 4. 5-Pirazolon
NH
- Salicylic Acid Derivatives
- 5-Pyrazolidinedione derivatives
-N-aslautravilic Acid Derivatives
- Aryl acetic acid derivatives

* * *

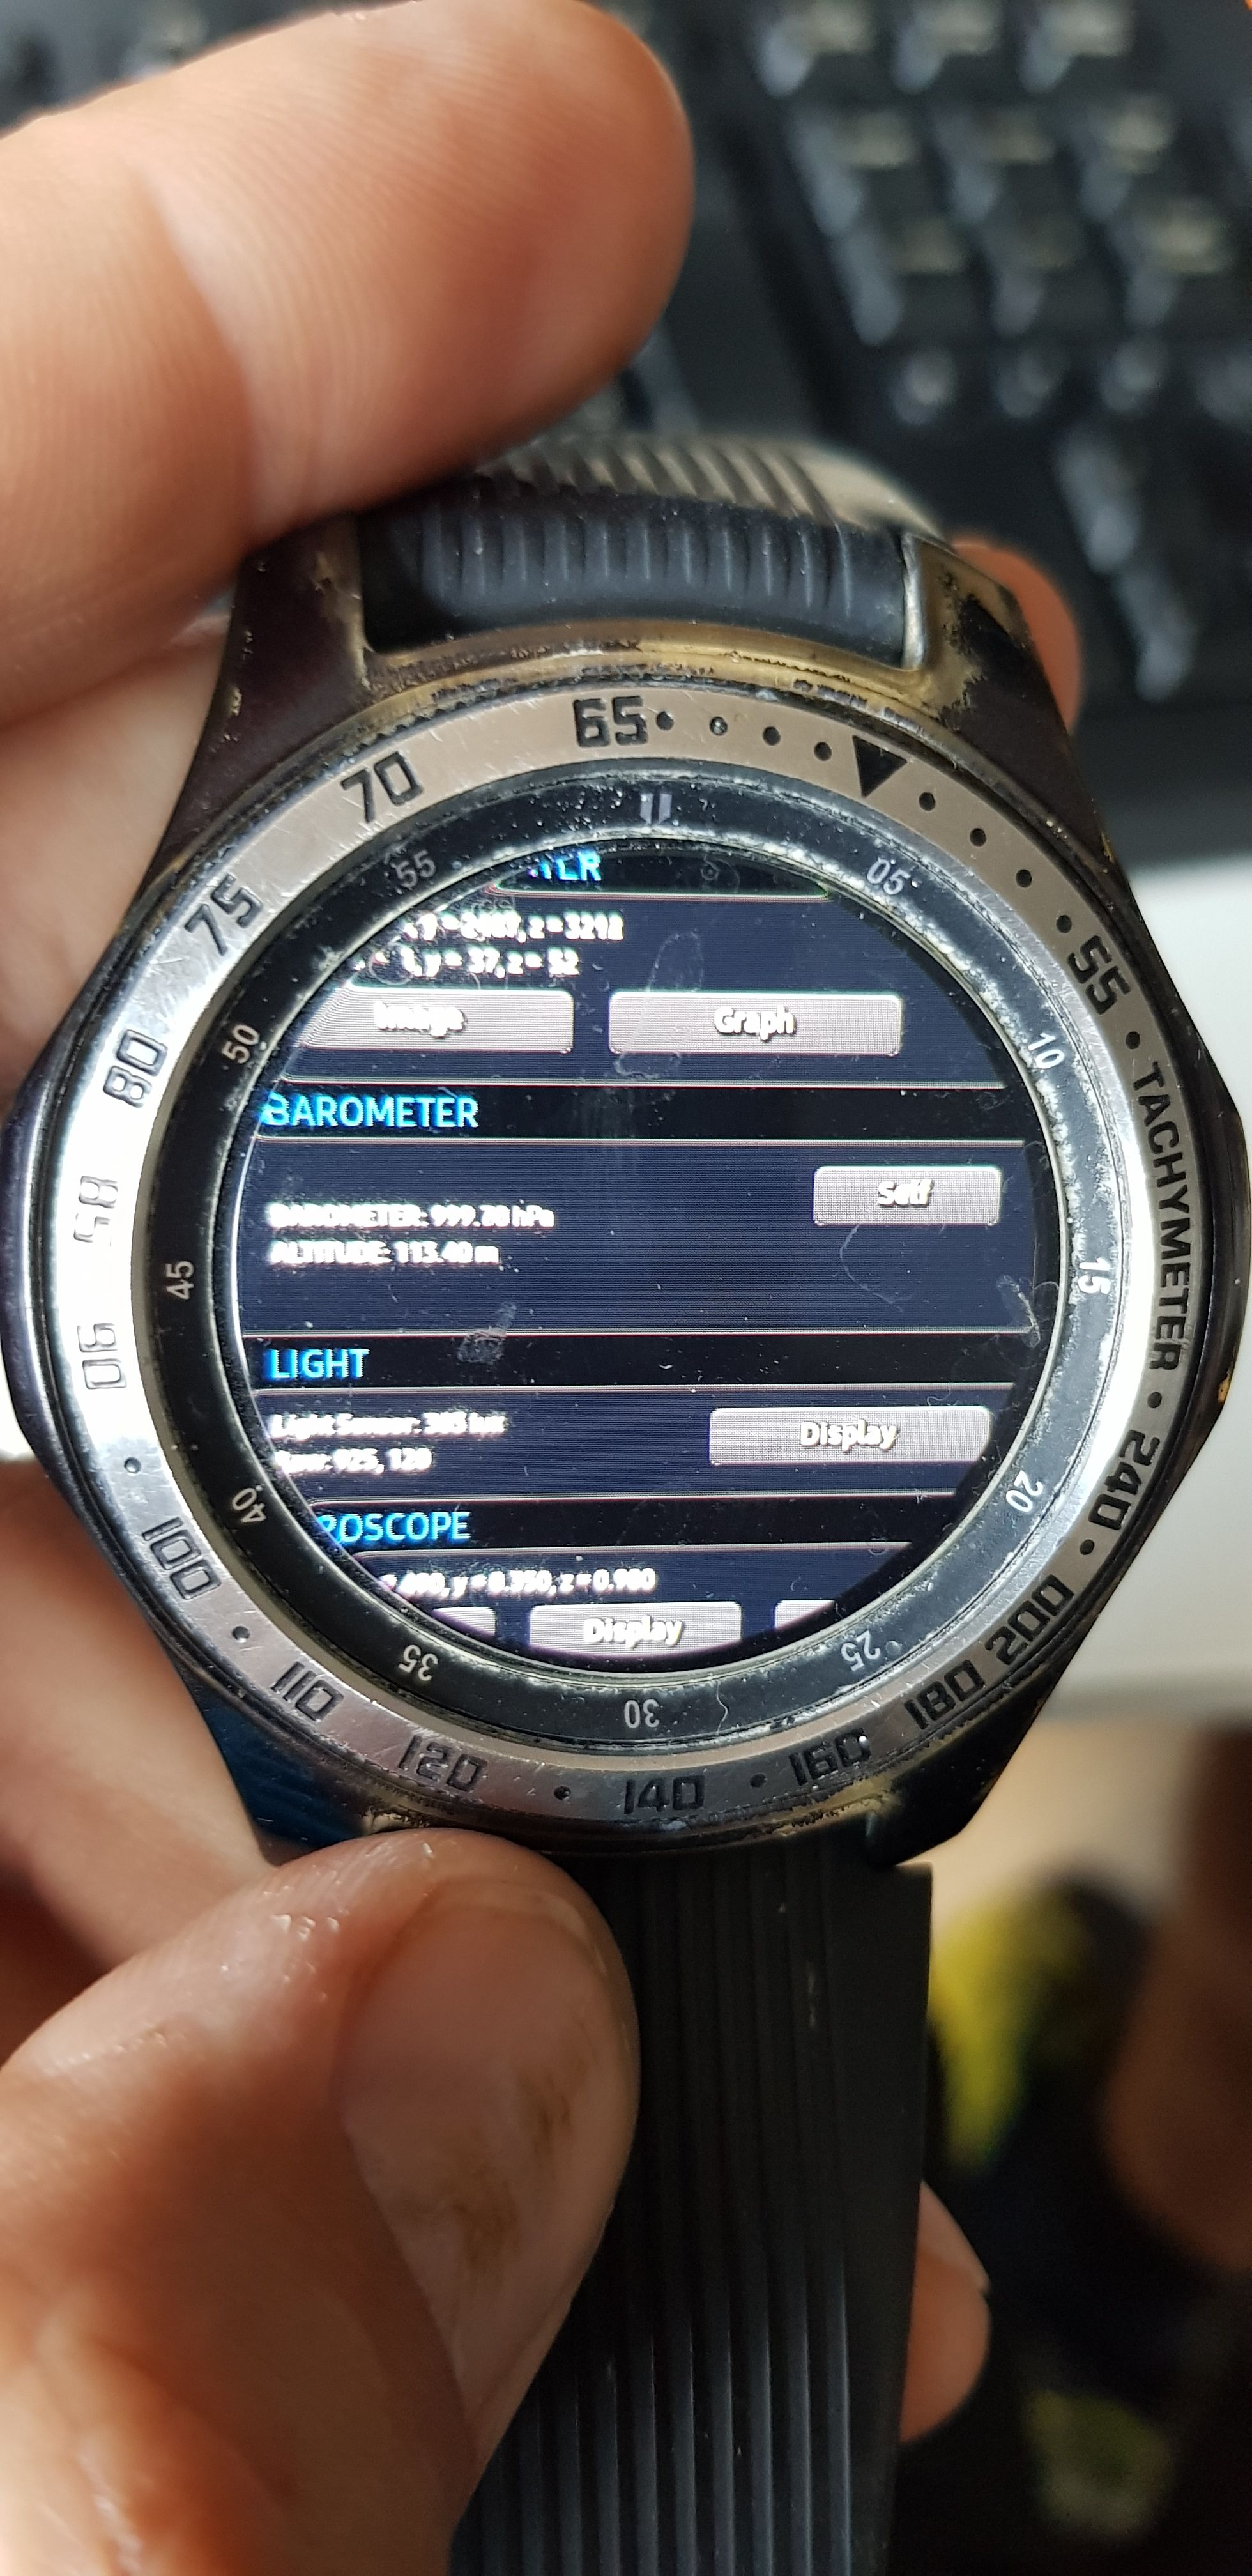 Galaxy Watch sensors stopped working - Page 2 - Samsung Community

==

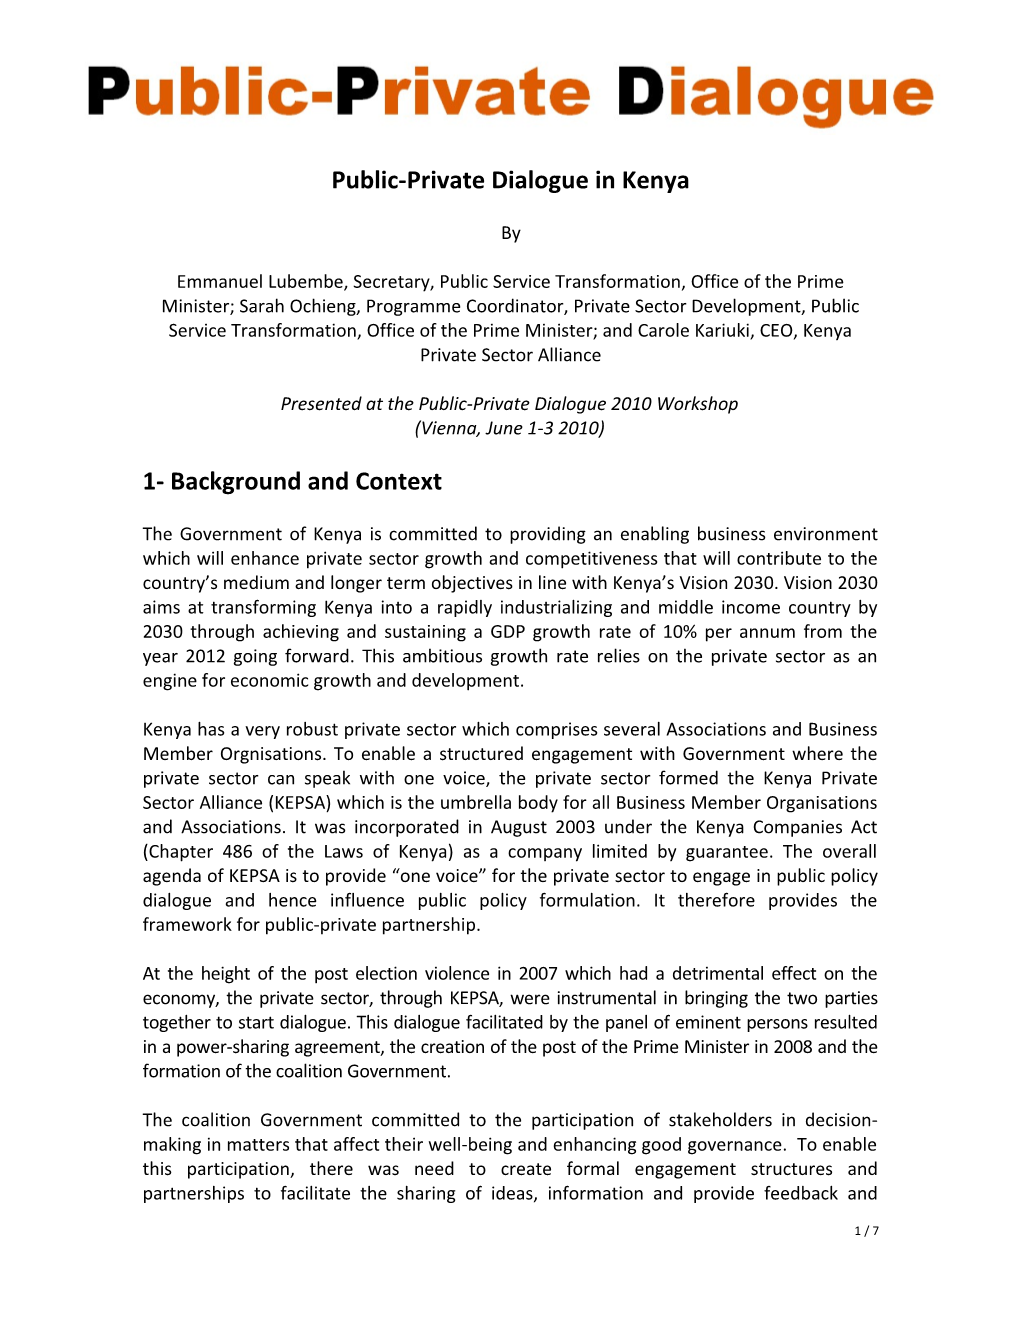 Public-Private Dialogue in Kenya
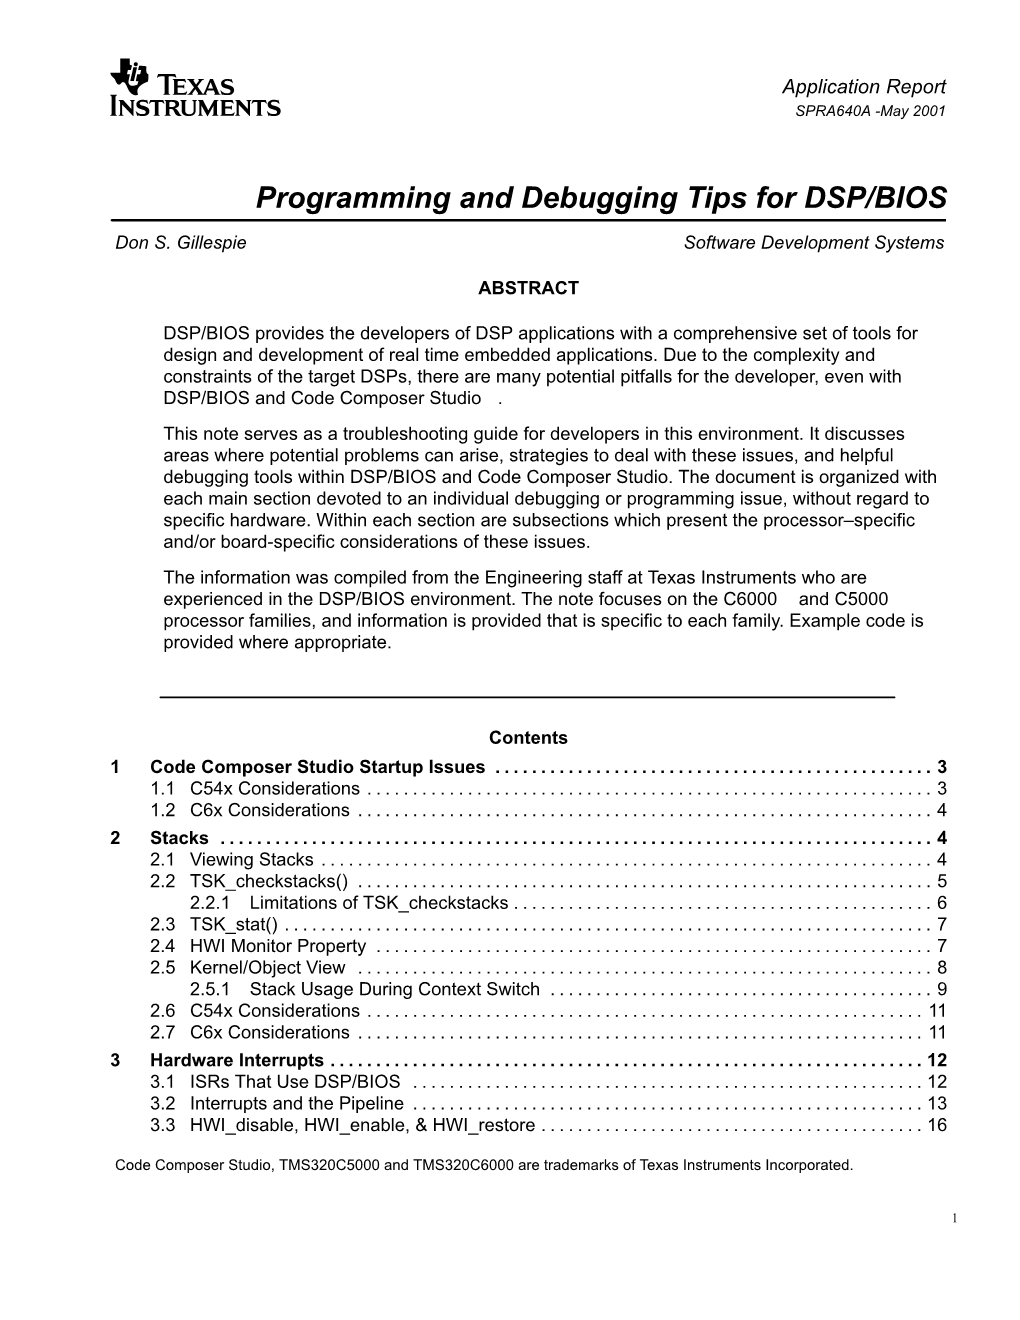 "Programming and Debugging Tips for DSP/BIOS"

Instructions for the task
From the records above, copy only the lines starting with the line that holds "4. 5-Pirazolon" and going on through the line that holds "- Aryl acetic acid derivatives", exactly as written.

Output of the task
 4. 5-Pirazolon
NH
- Salicylic Acid Derivatives
- 5-Pyrazolidinedione derivatives
-N-aslautravilic Acid Derivatives
- Aryl acetic acid derivatives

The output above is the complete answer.